**What is needed:** In the material below, the lines from the one containing "Polaris ver 9 3D hoodie and t-shirt" through the one containing "ArmsRoomRadio 07.17.21 Good" are to be given again exactly, ends included, and no others.
——————
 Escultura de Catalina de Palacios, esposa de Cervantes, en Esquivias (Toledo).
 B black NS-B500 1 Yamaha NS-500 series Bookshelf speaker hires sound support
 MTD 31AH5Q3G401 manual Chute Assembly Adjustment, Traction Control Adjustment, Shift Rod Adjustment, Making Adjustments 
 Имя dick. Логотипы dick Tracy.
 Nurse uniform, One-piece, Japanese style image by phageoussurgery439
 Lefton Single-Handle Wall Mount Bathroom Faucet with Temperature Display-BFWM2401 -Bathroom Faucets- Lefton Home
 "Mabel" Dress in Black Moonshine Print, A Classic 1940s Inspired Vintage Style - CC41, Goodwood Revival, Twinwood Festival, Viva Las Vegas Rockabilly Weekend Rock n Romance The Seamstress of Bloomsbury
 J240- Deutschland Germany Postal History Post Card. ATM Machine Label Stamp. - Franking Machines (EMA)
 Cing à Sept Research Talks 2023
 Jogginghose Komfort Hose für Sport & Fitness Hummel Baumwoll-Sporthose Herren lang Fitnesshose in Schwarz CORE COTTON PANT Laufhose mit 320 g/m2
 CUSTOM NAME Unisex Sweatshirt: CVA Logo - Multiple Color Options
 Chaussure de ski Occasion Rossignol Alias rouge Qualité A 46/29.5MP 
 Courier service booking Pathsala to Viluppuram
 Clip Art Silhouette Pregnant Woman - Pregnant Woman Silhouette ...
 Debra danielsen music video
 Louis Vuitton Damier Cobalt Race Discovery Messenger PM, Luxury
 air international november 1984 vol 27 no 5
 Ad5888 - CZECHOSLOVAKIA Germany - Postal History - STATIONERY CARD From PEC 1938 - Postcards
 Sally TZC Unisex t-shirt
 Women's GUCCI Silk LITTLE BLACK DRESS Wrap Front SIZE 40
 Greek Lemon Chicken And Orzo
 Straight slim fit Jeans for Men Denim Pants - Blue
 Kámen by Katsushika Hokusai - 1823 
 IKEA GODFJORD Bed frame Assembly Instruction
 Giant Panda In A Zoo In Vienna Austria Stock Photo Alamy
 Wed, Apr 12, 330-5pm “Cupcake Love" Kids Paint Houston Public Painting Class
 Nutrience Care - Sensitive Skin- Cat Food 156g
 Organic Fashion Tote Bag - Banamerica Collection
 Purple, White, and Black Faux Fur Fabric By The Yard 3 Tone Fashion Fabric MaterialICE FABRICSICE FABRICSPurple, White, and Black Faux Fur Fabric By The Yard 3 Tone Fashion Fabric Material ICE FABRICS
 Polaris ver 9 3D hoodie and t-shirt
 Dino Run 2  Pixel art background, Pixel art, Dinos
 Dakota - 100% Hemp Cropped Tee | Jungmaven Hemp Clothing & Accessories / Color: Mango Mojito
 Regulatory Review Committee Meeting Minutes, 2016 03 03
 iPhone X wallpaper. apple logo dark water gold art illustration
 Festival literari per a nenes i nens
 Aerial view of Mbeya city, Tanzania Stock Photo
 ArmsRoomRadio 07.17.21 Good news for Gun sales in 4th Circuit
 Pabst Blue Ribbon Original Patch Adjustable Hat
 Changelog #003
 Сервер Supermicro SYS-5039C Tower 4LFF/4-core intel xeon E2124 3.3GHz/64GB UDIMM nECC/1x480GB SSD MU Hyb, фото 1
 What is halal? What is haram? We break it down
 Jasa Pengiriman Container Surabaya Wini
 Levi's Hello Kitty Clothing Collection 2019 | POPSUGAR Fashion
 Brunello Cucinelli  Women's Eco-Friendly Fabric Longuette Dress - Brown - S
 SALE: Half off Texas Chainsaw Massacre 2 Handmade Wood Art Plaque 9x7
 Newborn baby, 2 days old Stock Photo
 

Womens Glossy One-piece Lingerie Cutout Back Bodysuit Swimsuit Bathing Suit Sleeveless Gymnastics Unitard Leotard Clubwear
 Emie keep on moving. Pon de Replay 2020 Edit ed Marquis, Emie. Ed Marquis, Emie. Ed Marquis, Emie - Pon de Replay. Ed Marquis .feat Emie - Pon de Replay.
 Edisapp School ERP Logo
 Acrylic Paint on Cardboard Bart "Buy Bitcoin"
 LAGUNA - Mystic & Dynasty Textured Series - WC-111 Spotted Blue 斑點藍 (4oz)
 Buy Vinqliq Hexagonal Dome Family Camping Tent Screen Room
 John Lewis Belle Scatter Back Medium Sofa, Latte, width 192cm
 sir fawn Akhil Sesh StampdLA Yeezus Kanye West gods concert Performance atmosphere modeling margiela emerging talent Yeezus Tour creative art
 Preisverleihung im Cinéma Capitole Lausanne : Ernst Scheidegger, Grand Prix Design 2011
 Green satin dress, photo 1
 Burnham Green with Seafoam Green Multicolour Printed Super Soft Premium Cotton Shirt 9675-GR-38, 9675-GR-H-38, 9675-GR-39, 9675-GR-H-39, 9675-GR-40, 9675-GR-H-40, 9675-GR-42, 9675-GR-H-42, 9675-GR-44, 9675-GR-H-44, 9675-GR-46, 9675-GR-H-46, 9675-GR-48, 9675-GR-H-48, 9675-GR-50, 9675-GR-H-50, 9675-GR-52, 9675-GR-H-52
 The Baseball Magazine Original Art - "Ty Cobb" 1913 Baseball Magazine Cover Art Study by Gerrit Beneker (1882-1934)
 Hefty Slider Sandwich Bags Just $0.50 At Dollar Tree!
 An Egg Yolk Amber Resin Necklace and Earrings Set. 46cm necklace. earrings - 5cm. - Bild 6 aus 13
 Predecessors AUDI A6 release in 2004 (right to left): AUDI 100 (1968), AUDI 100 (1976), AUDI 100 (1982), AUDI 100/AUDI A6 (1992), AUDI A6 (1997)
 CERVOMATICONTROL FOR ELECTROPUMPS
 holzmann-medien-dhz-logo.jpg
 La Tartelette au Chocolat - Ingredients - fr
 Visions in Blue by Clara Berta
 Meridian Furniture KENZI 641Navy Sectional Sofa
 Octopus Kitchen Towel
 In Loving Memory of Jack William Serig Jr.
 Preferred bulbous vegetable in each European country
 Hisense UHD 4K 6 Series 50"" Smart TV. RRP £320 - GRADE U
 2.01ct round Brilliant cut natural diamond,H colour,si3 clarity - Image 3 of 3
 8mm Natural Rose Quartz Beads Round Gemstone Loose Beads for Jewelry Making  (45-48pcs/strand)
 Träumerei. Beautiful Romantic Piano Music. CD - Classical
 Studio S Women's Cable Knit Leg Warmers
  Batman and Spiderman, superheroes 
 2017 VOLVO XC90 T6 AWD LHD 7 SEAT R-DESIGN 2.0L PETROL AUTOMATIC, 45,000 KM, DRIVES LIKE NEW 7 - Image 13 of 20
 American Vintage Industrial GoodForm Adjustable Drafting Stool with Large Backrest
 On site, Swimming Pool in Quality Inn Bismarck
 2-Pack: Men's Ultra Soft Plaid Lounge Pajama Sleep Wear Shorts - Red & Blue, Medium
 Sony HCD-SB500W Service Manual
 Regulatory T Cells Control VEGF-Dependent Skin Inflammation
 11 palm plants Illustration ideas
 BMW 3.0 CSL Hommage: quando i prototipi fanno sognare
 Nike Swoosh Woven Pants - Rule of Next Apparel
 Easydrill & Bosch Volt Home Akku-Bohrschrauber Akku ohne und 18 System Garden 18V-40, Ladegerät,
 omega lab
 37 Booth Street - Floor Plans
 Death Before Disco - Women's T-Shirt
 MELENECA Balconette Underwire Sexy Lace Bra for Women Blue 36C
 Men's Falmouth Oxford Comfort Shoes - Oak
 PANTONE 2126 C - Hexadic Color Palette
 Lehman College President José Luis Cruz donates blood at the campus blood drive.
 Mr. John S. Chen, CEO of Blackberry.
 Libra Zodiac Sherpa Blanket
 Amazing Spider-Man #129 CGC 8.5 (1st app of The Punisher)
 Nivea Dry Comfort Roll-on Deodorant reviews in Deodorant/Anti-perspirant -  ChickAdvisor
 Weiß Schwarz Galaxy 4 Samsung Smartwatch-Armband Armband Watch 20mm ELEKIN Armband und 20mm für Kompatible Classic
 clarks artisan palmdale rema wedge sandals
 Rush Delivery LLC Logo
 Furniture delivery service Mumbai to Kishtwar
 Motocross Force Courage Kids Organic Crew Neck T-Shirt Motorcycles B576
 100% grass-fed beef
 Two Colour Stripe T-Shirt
——————
**Response to the exercise:**
 Polaris ver 9 3D hoodie and t-shirt
 Dino Run 2  Pixel art background, Pixel art, Dinos
 Dakota - 100% Hemp Cropped Tee | Jungmaven Hemp Clothing & Accessories / Color: Mango Mojito
 Regulatory Review Committee Meeting Minutes, 2016 03 03
 iPhone X wallpaper. apple logo dark water gold art illustration
 Festival literari per a nenes i nens
 Aerial view of Mbeya city, Tanzania Stock Photo
 ArmsRoomRadio 07.17.21 Good news for Gun sales in 4th Circuit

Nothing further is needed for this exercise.